Exercise brief.
Give the listing back in full, exactly as written, with the pictures removed.

Recorded data.
■ ■ ■ ■
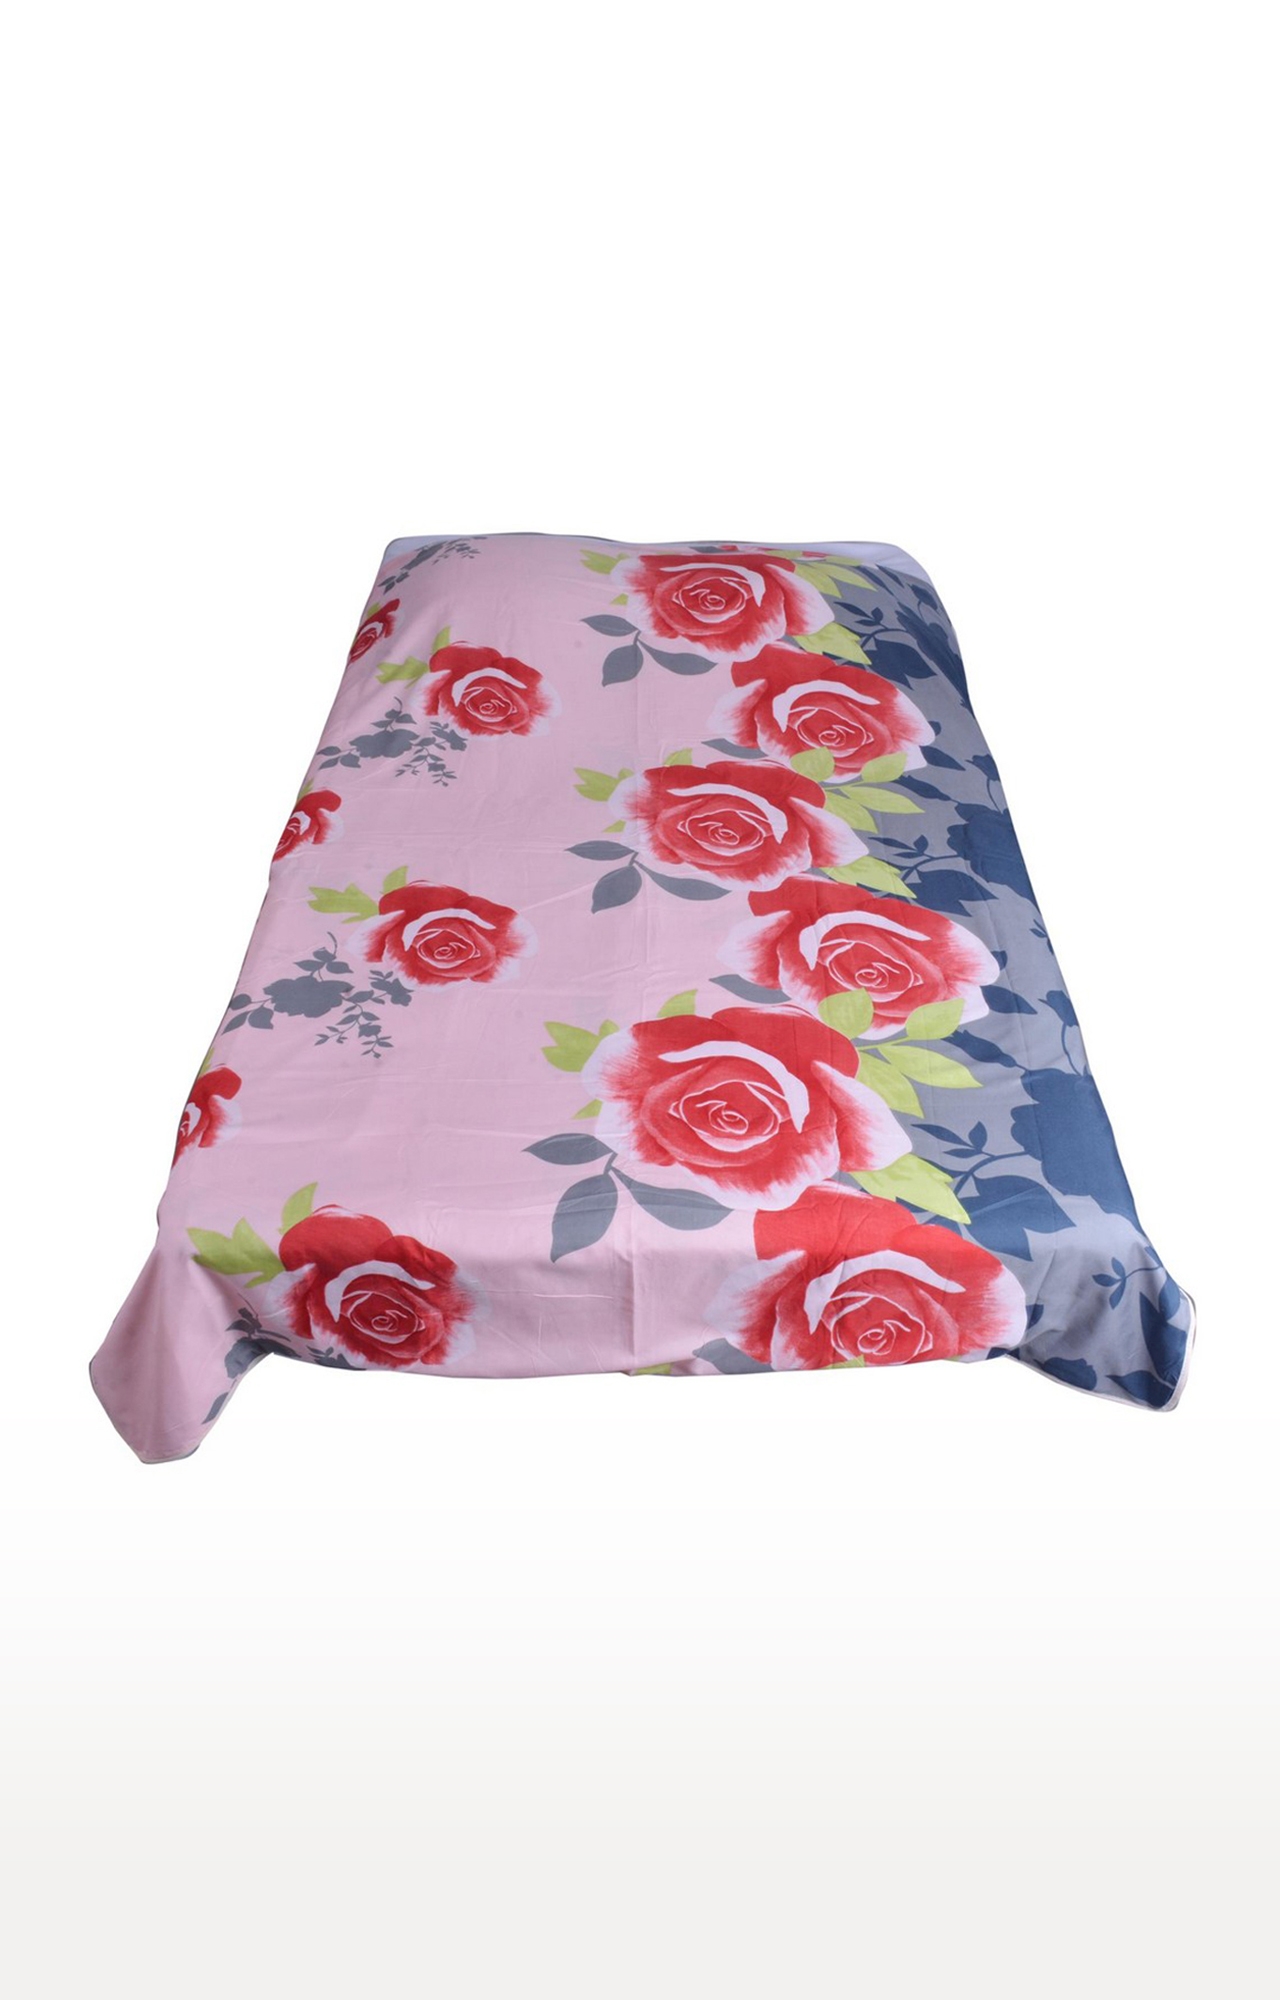 V Brown | Rose Flower Printed Cotton 3 Layer Single Bed Quilt Dohar 1
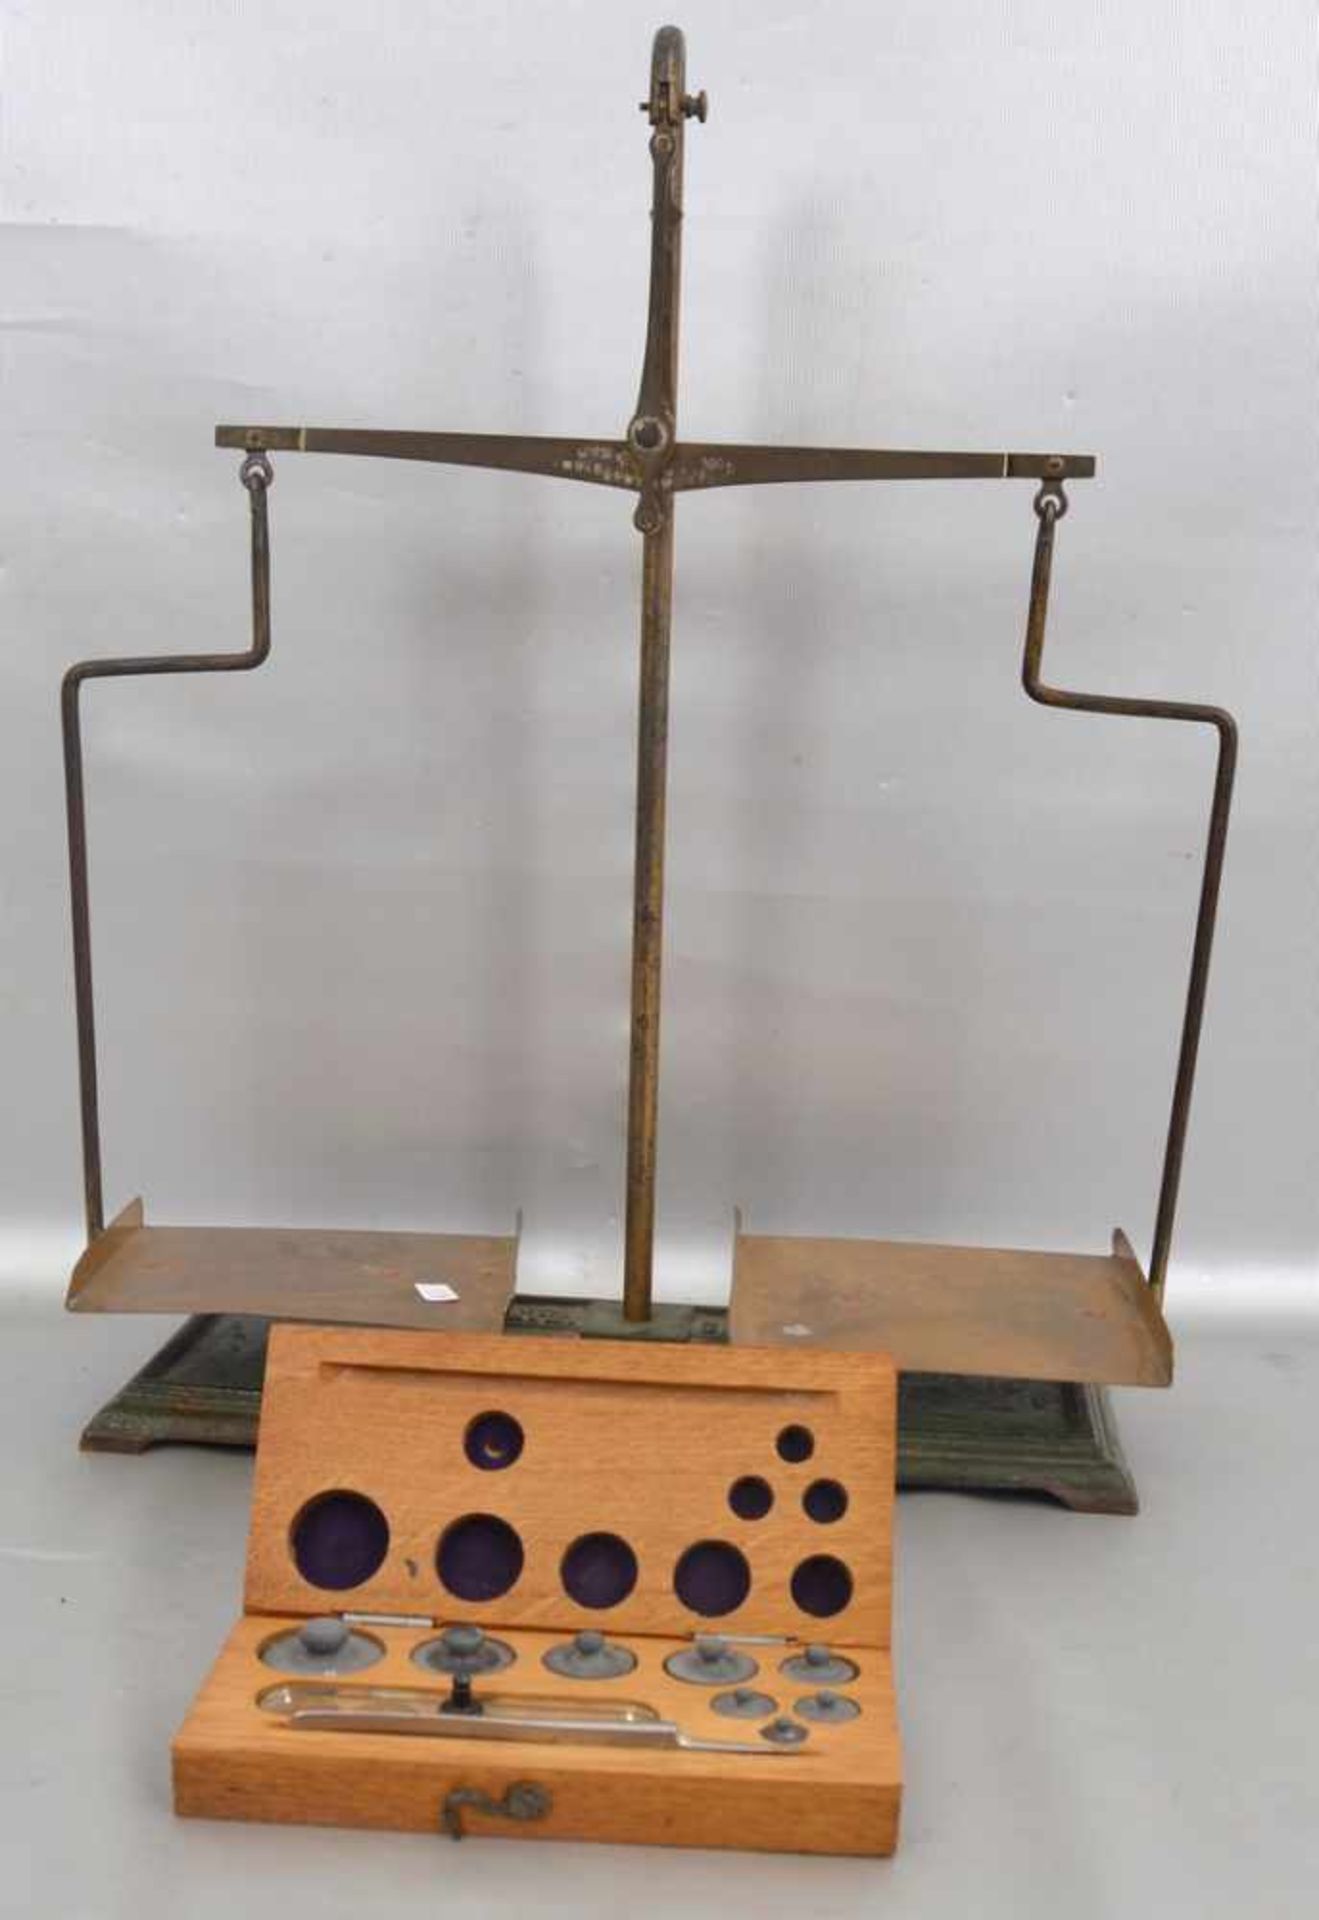 Apothekenwaage mit GewichtssatzMessing und Eisen, rechteckiger Fuß und Schalen, H 41 cm,
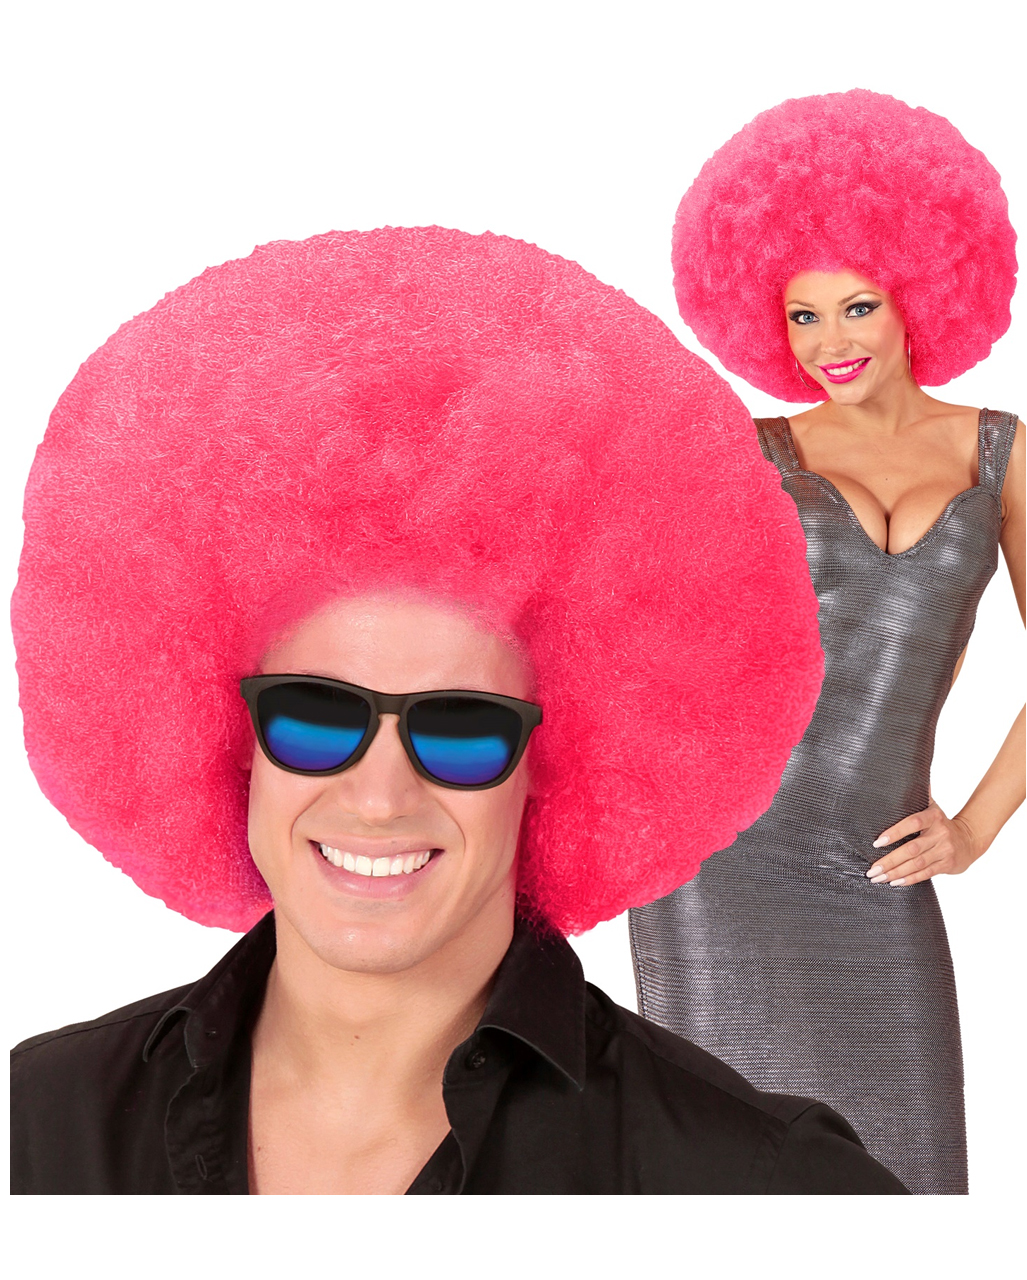 XL Afro Perücke Pink als Accessoire für Karneval
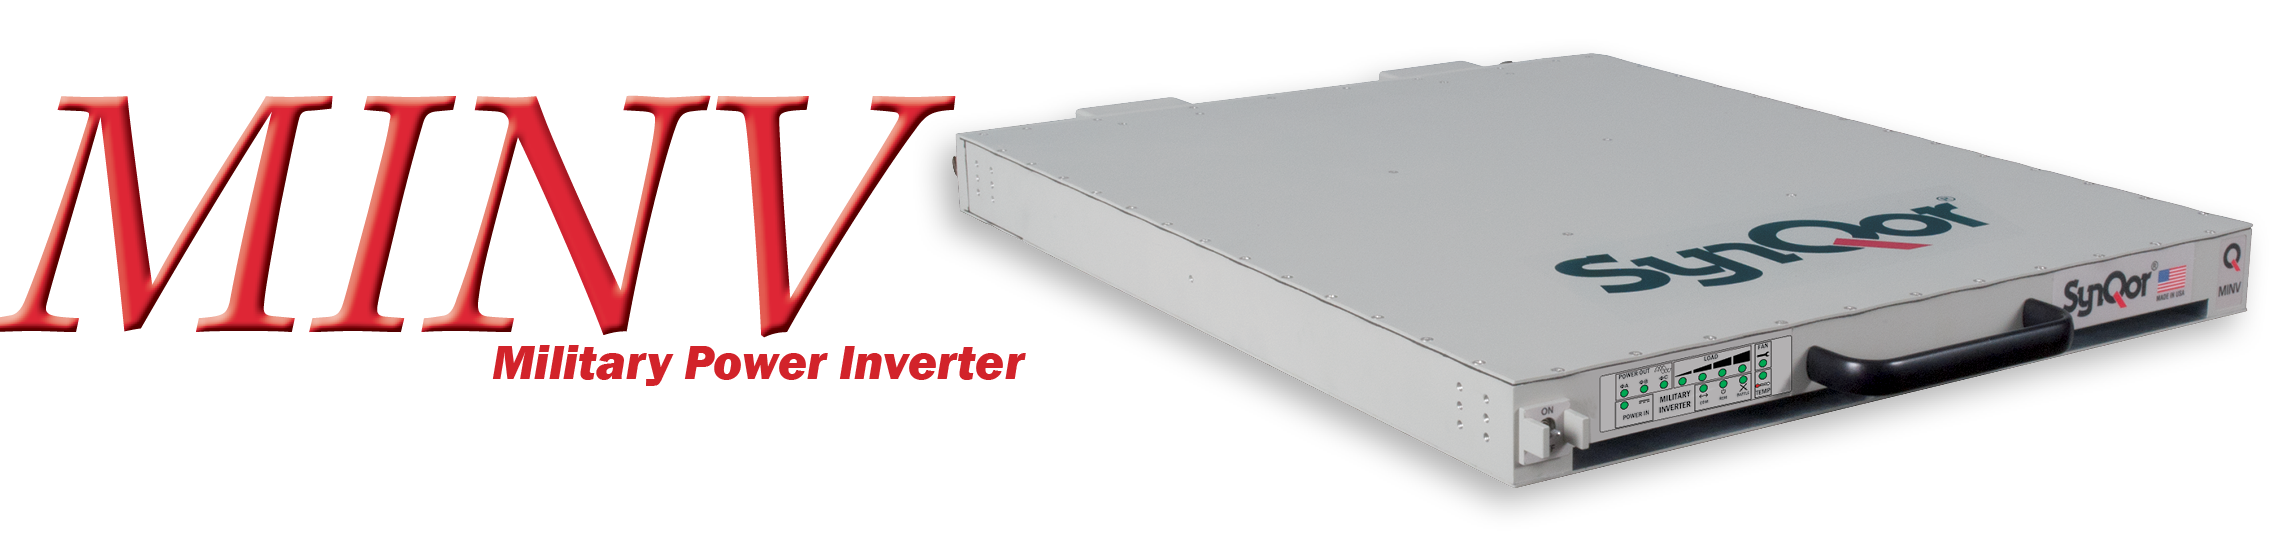 Military Grade Power Inverter (MINV)
■ ■ ■ ■
Solution to the exercise.
 V Brown | Rose Flower Printed Cotton 3 Layer Single Bed Quilt Dohar 1
 Apothekenwaage mit GewichtssatzMessing und Eisen, rechteckiger Fuß und Schalen, H 41 cm,
 XL Afro Perücke Pink als Accessoire für Karneval
 Military Grade Power Inverter (MINV)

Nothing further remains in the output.